1kgVegetables, such as roots (carrots, parsnips, parsley root), celery (root, stalks and greens), leeks, and 2 onions, 4 or more garlic cloves, some fresh tomatoes, 100g mushrooms.
2TbspOlive oil, extra virgin
180gRock Salt, ground
1bunch Parsley, chopped
a few sprigs Rosemary
80gParmesan cheese, grated
Clean vegetables and peel if necessary. Weigh the total amount and determine the amount of salt. Chop veggies (but onions and garlic) into large chunks.
Crush onions and garlic in Thermomix on speed 6 for a few seconds. Add the olive oil and and sweat onions and garlic on Varoma for a few minutes. Add remaining vegetables and crush on speed 7 for 10 seconds.

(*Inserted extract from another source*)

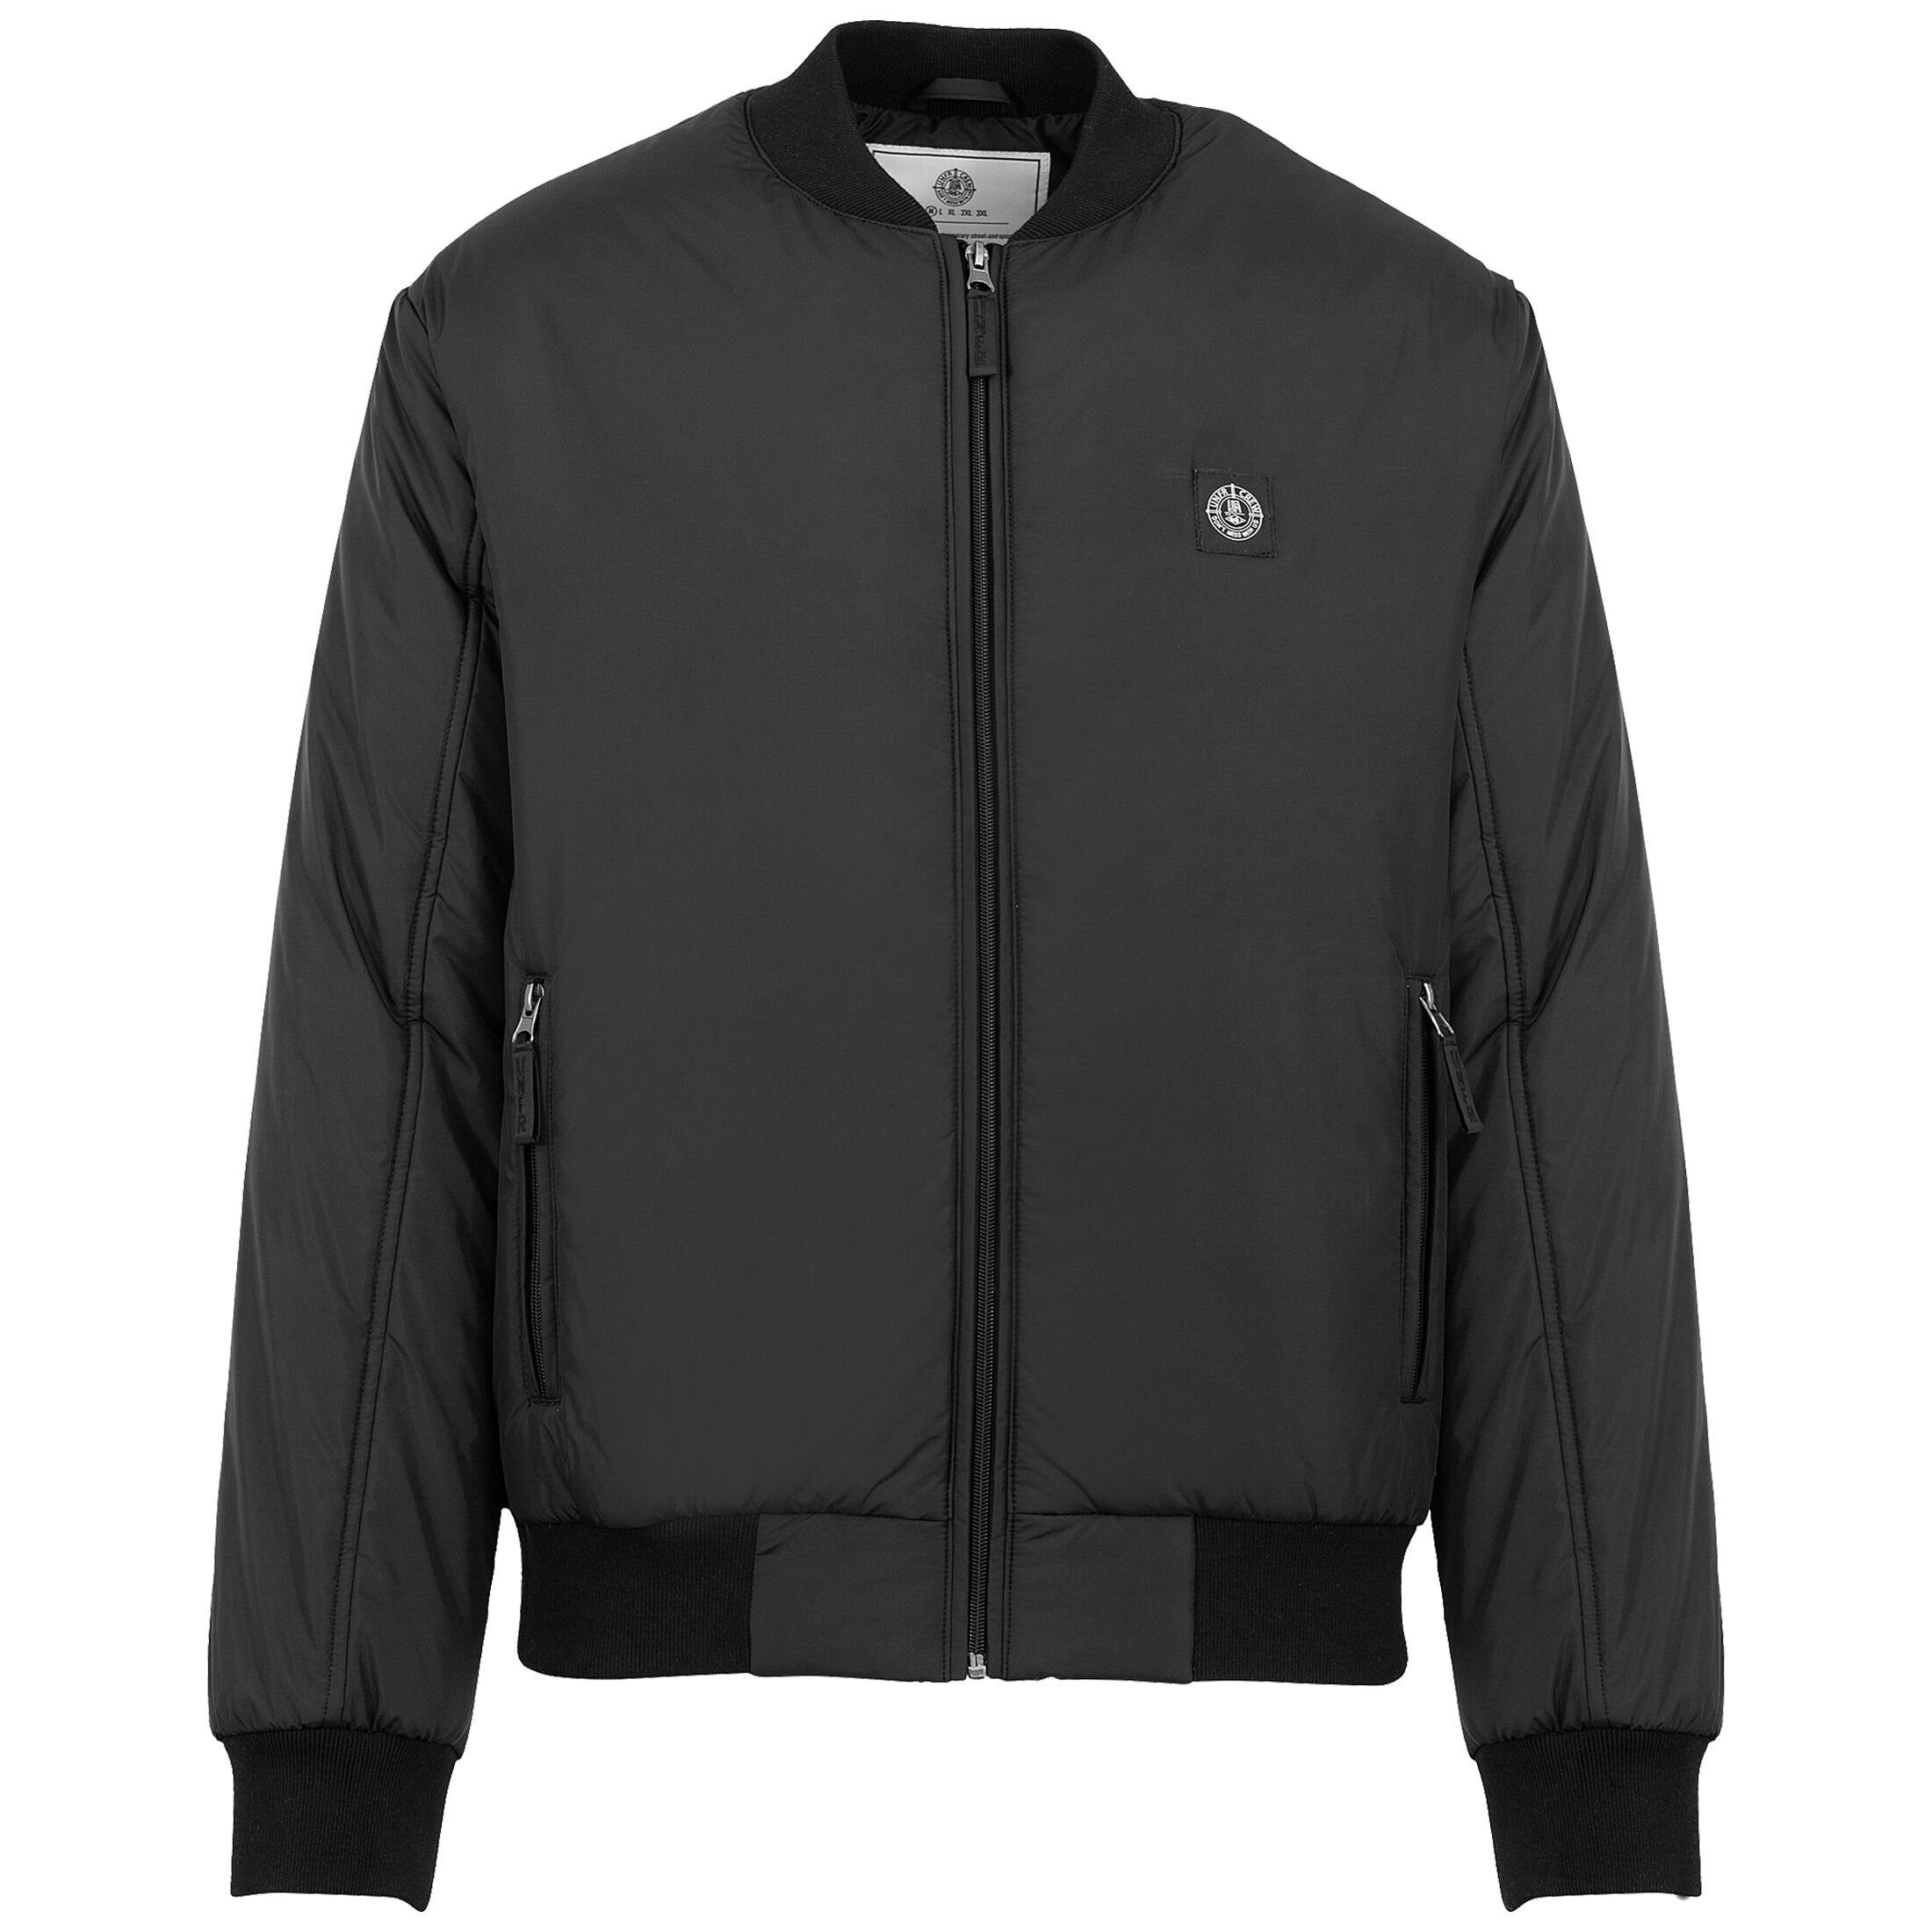 KnowledgeCotton Apparel Jacken online kaufen | OTTO

Add the rest of the vegetables, mix on speed 7 shortly, add salt and white wine. Add chopped herbs. Cook the mixture for about 40 minutes or until soft on Varoma without the measuring jug, but cover with simmering basket to prevent splashes.
Meanwhile prepare the jars (sterilize in boiling water or in the oven).
When done, finely puree the paste covered with measuring jar on speed 10 for one minute.
Now is the time to test the broth. Dissolve one to two teaspoon of the paste in a glass of hot water and taste. If necessary, adjust the salt content.
Stir in the Parmesan cheese, bring the mixture to a boil again for about 30 seconds at speed 6, then carefully pour the paste (which is very hot!) into sterilized jars.
Yay! Enjoy your umami-enriched cooking!
The jars keep refrigerated for many months. When using always make sure to use a clean spoon.